▶ **Source data**:
-------------------------

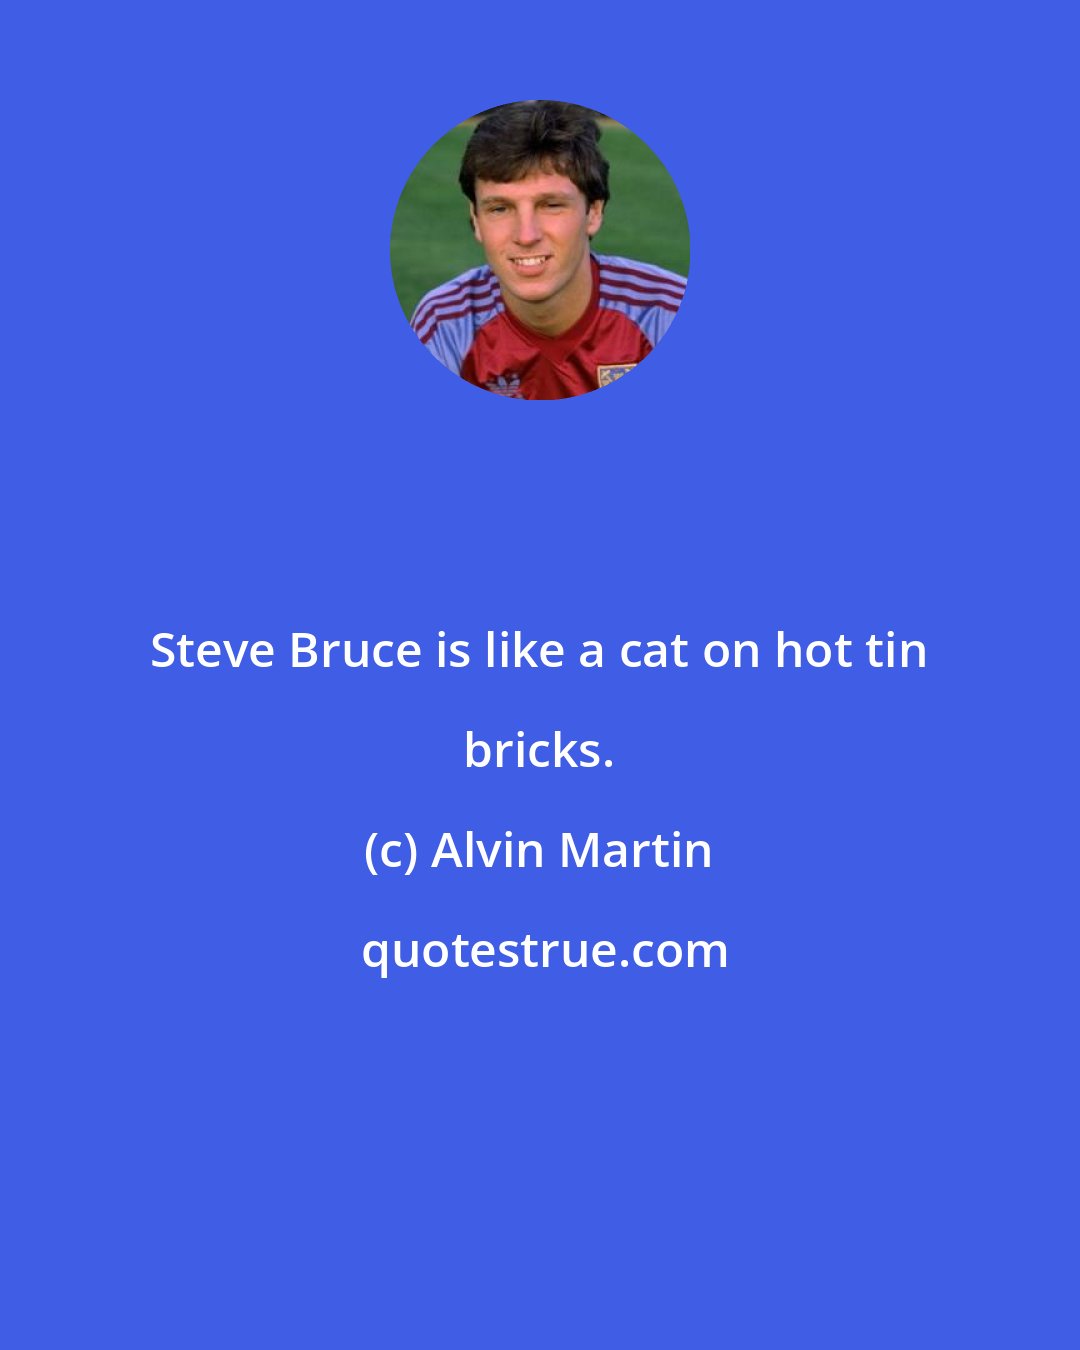 Alvin Martin: Steve Bruce is like a cat on hot tin bricks.
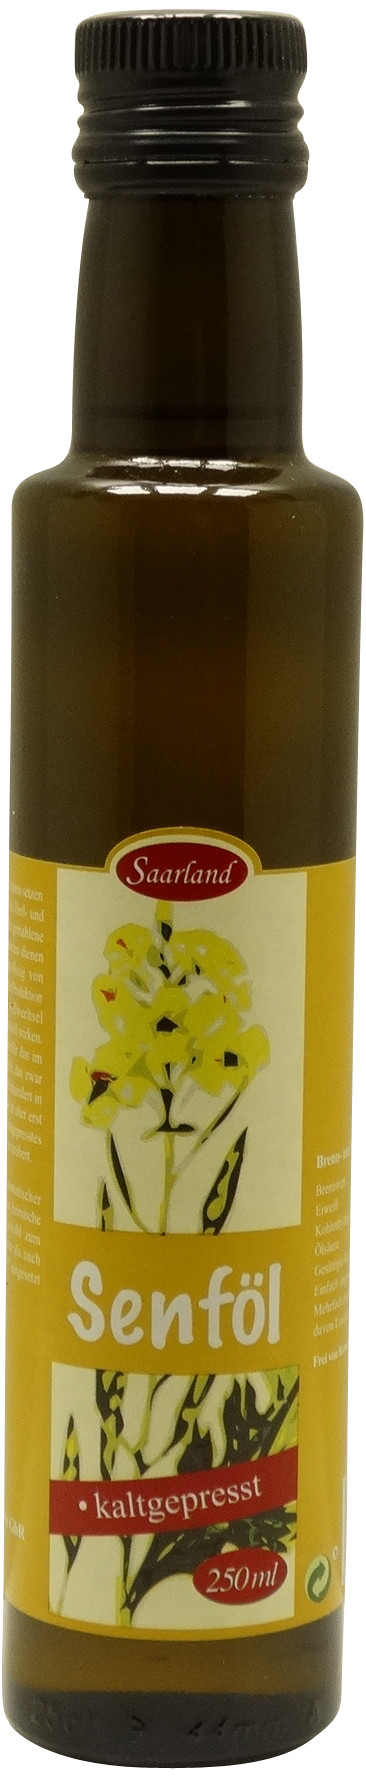 Saarländisches Senföl | Senföle | Samen- und Kernöle | oelix.de - Öle ...
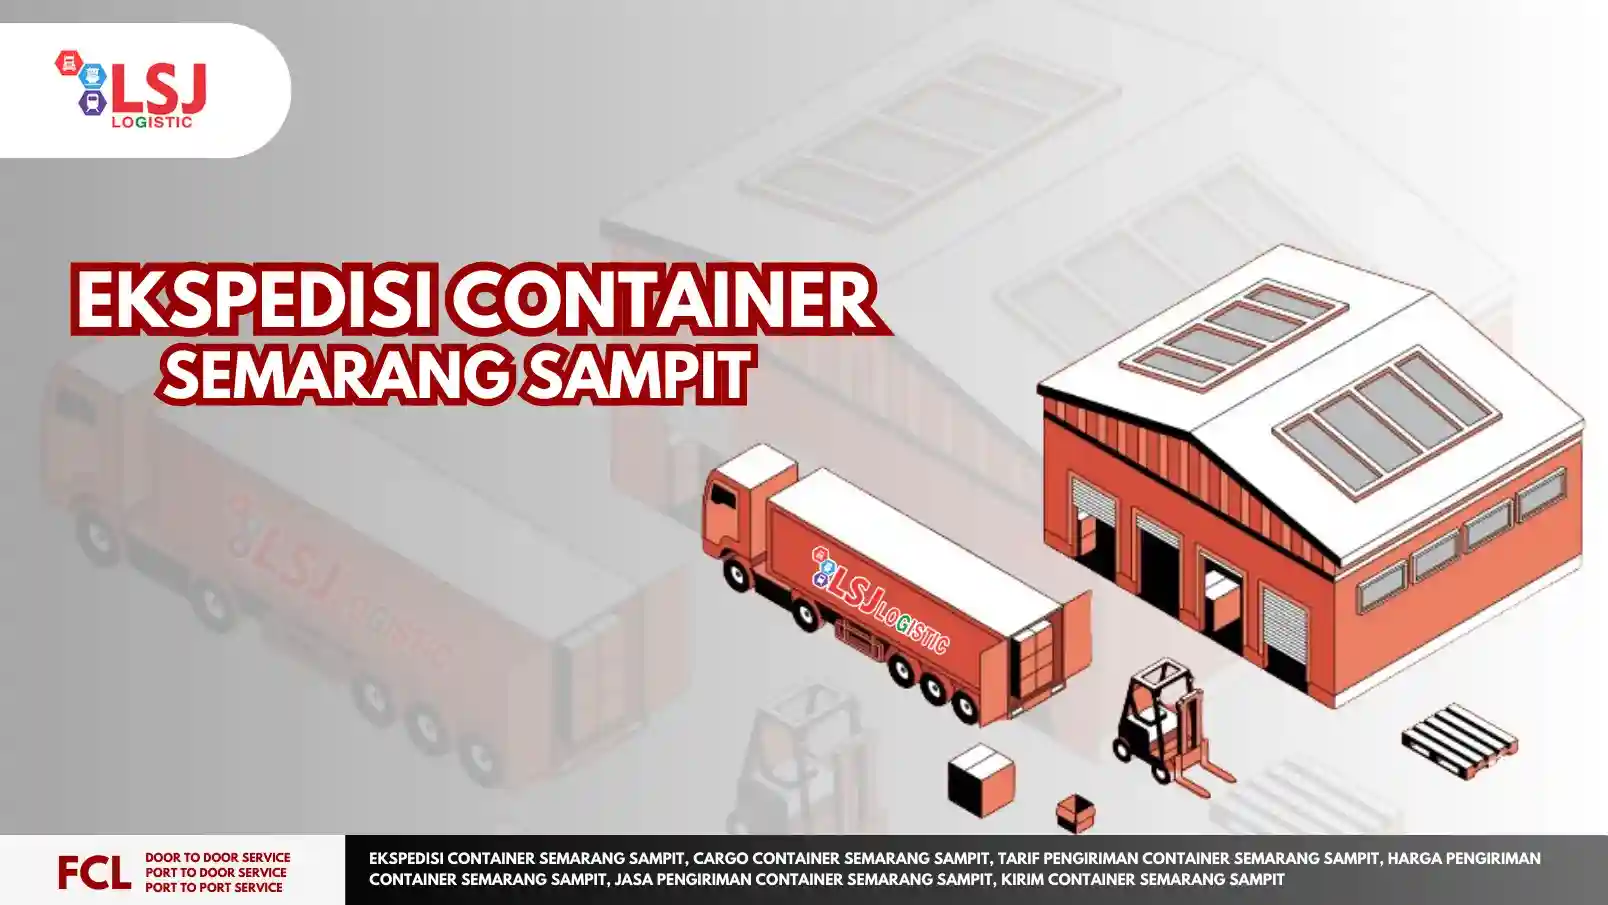 Ekspedisi Container Semarang Sampit

-------------------------

▶ **Your objective**: Repeat the listing above in full, exactly, and omit its pictures.

▶ **Answer box**:
 Alvin Martin: Steve Bruce is like a cat on hot tin bricks.
 Saarländisches Senföl | Senföle | Samen- und Kernöle | oelix.de - Öle ...
 Ekspedisi Container Semarang Sampit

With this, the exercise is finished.